Hello everyone! Welcome to "Water Your Faith" Wednesday! How do you feel after spending your Sunday at church praising and worshiping our Lord? I know I feel great! I start my week fired up and ready to face what's in store. Oftentimes, however, by Wednesday, life begins to drag me down. My goal is provide a way to overcome the spiritual doldrums with encouraging words, scriptures, devotions, songs, etc. Let me know what you think!
Week 1, the introduction: The Power.
Week 2, His Wife.
Week 3, His Work.
Week 4, His Finances.
Today, we are continuing our devotions with the fourth chapter in The Power of a Praying Wife by Stormie Omartian: His Sexuality.
My Thoughts: I feel like this is one of the most important parts of making a marriage prosper and last. It is also one of the hardest parts for women to understand because we don't need sex like a man does. As Stormie states, "for women, sex comes out of affection... for a man, sex is pure need" (pg. 57). As the verse above states, our body is not our own. It is to be used to "comfort and complete the other person" (pg. 58). When the husband is deprived of this one need, it opens up temptation and other problems in a marriage.
So what do you do when you don't feel like it, but your husband does? Stormie gives us a great idea. She says, "when your husband communicates to you what he has in mind..don't roll your eyes and sigh deeply. Instead, say "give me fifteen minutes" (or however long you need). During that time, do something to make yourself feel attractive... pray for God to give a renewed energy, strength, vitality, and a good attitude" (pg. 59). Hopefully, when that time is up, your coming together with your husband will be that much better and he will appreciate the time you took to get ready, just for him.

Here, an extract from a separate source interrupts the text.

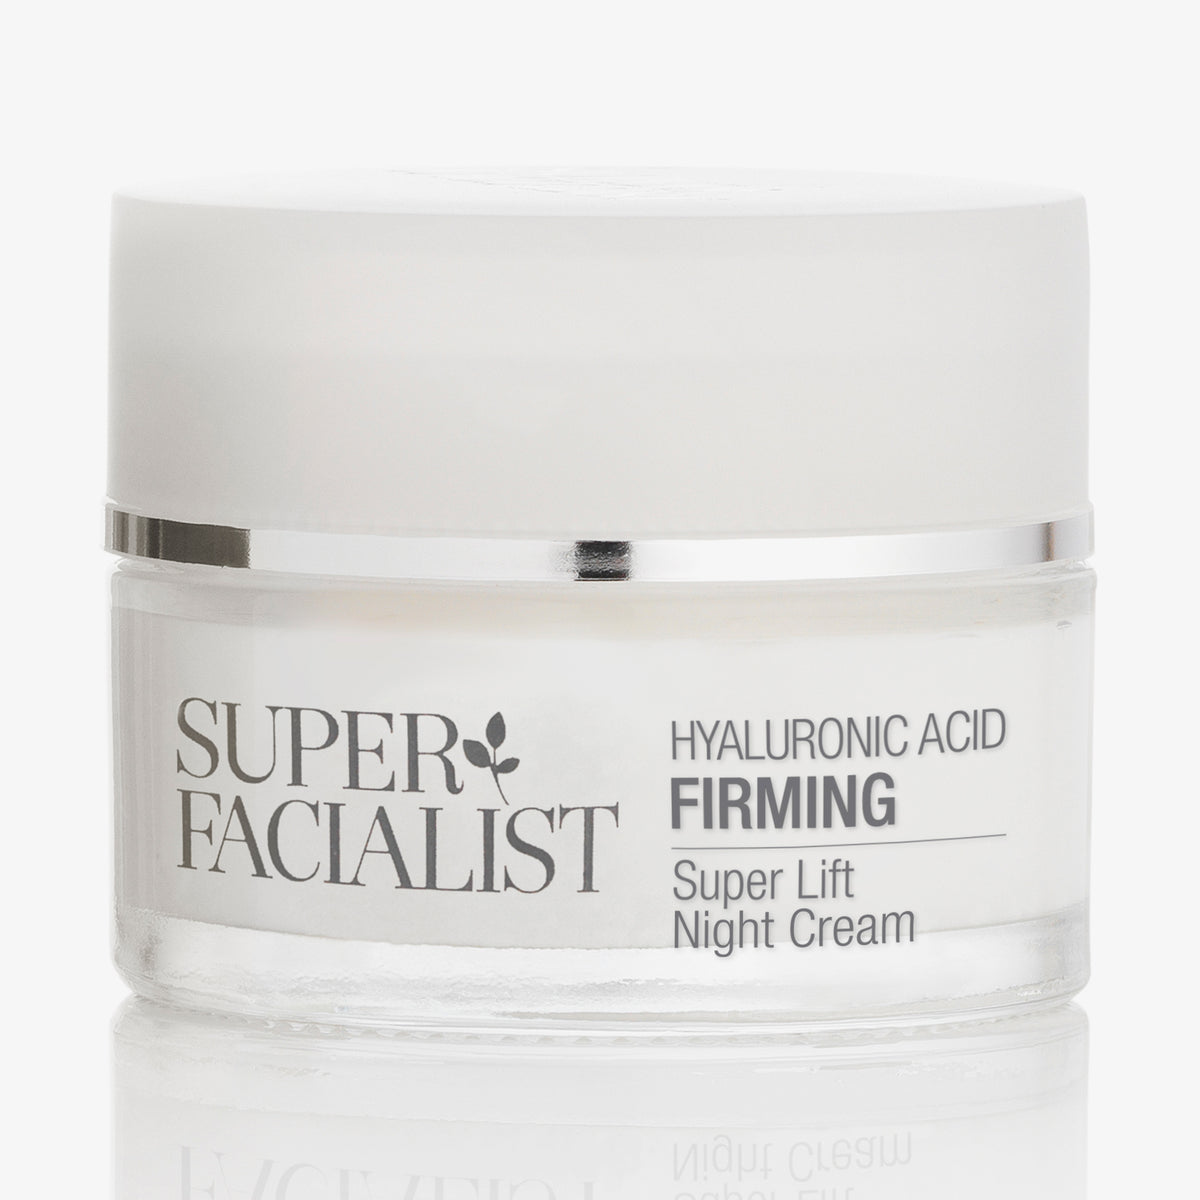 Super Facialist | Hyaluronic Acid Firming Super Lift Night Cream
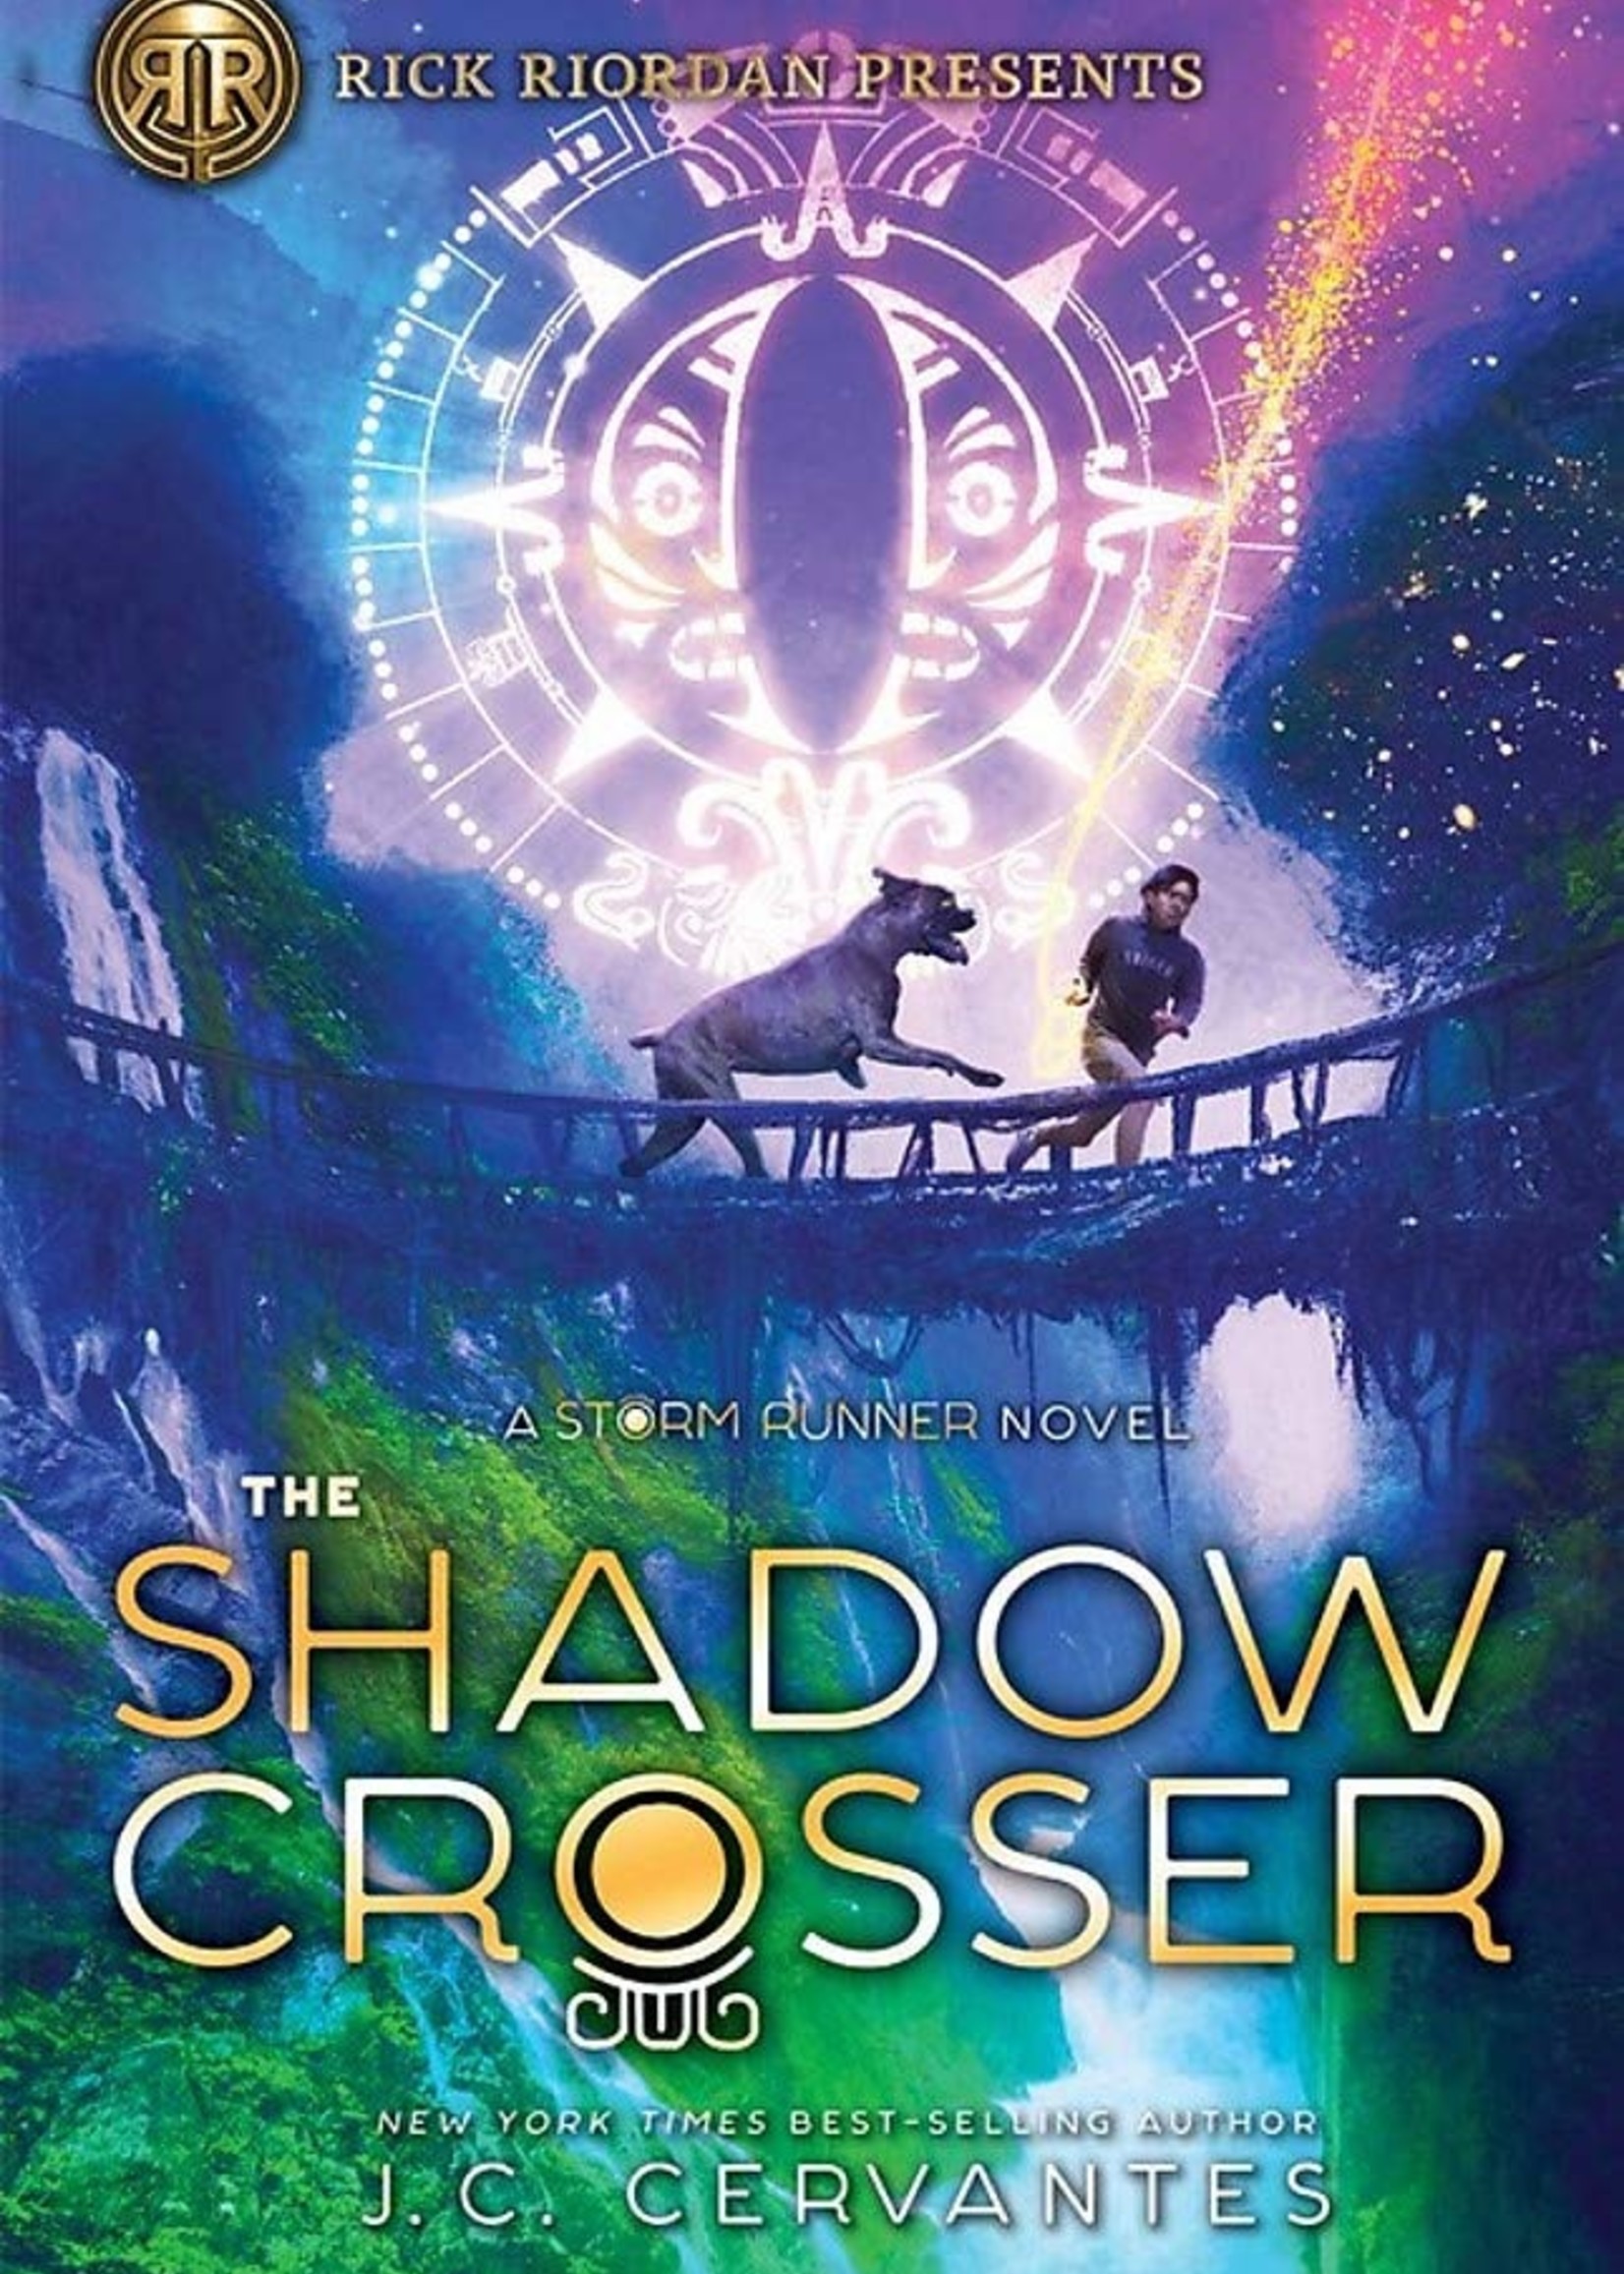 Rick Riordan Presents: Storm Runner #03, The Shadow Crosser - Hardcover

What do you do when your husband is the one withholding the sexual relations in your marriage? Find out why. Pray about it. Stormie says that he might be feeling depressed, like a failure, etc and that is causing the strain in your relationship (pg. 60). By praying about it instead of getting angry, feeling resentful, and locking yourself away, you can help your hubby resolve the problem and move forward in a more productive way (pg. 60).
This was a short, yet insightful chapter about how sexual relations play a big part in your marriage.